• [Records supplied]

★ ★ ★ ★

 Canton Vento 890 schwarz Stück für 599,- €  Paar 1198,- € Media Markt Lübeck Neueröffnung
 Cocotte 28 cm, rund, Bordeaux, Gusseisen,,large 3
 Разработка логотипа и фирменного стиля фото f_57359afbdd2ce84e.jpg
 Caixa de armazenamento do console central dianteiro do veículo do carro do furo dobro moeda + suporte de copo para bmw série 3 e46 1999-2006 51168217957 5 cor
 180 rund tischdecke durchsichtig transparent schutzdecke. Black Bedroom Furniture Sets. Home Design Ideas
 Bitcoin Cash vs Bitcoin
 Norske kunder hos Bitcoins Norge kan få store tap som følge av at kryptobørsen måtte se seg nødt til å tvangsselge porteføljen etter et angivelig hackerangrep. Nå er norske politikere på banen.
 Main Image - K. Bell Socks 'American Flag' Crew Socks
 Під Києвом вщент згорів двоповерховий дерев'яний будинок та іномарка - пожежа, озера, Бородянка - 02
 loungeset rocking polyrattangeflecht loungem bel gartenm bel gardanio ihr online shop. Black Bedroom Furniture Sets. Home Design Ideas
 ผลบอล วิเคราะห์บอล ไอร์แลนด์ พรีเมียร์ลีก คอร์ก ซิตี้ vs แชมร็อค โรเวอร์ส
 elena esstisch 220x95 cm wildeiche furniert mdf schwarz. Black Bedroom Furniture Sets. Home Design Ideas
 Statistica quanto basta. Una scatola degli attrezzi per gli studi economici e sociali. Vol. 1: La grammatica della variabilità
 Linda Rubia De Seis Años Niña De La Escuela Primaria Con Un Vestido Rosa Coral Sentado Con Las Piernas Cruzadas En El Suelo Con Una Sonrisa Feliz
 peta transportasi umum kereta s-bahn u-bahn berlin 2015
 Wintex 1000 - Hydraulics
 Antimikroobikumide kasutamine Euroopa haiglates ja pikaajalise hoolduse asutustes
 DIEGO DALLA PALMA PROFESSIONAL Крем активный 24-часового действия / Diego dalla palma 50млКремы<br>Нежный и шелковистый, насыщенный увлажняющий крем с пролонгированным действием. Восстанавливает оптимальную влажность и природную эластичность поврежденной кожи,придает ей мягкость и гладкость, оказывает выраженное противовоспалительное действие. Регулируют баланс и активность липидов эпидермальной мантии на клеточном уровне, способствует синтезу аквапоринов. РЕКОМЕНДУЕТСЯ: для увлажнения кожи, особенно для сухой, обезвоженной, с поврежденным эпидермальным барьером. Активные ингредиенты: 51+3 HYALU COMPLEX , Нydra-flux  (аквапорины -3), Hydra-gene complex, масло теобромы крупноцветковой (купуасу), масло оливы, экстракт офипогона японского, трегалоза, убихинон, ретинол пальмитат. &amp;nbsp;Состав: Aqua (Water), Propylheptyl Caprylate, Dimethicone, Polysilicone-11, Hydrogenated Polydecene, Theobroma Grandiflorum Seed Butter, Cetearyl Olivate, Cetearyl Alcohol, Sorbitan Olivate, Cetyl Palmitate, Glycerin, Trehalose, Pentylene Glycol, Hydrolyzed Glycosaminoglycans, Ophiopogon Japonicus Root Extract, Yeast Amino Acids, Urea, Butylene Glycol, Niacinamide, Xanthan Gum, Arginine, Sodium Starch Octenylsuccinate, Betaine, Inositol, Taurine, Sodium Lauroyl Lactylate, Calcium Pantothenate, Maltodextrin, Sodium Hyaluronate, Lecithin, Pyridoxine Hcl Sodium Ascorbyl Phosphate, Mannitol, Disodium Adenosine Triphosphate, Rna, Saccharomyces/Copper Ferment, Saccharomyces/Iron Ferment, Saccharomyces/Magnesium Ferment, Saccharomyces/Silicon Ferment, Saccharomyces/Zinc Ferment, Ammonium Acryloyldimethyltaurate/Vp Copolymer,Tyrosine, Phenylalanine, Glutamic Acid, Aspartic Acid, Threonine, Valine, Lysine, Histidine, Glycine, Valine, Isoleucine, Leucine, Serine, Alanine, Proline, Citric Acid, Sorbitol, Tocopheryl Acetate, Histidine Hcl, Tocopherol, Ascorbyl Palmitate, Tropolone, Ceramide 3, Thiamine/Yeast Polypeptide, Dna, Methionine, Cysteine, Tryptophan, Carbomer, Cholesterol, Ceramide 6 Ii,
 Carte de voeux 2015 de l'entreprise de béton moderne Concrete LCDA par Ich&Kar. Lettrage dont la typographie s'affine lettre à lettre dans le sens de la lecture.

★ ★ ★ ★

• [Activity]
Write out the material above exactly, please, from its first line up to and including the line where "Під Києвом вщент" appears, and stop there.

• [Output below]
 Canton Vento 890 schwarz Stück für 599,- €  Paar 1198,- € Media Markt Lübeck Neueröffnung
 Cocotte 28 cm, rund, Bordeaux, Gusseisen,,large 3
 Разработка логотипа и фирменного стиля фото f_57359afbdd2ce84e.jpg
 Caixa de armazenamento do console central dianteiro do veículo do carro do furo dobro moeda + suporte de copo para bmw série 3 e46 1999-2006 51168217957 5 cor
 180 rund tischdecke durchsichtig transparent schutzdecke. Black Bedroom Furniture Sets. Home Design Ideas
 Bitcoin Cash vs Bitcoin
 Norske kunder hos Bitcoins Norge kan få store tap som følge av at kryptobørsen måtte se seg nødt til å tvangsselge porteføljen etter et angivelig hackerangrep. Nå er norske politikere på banen.
 Main Image - K. Bell Socks 'American Flag' Crew Socks
 Під Києвом вщент згорів двоповерховий дерев'яний будинок та іномарка - пожежа, озера, Бородянка - 02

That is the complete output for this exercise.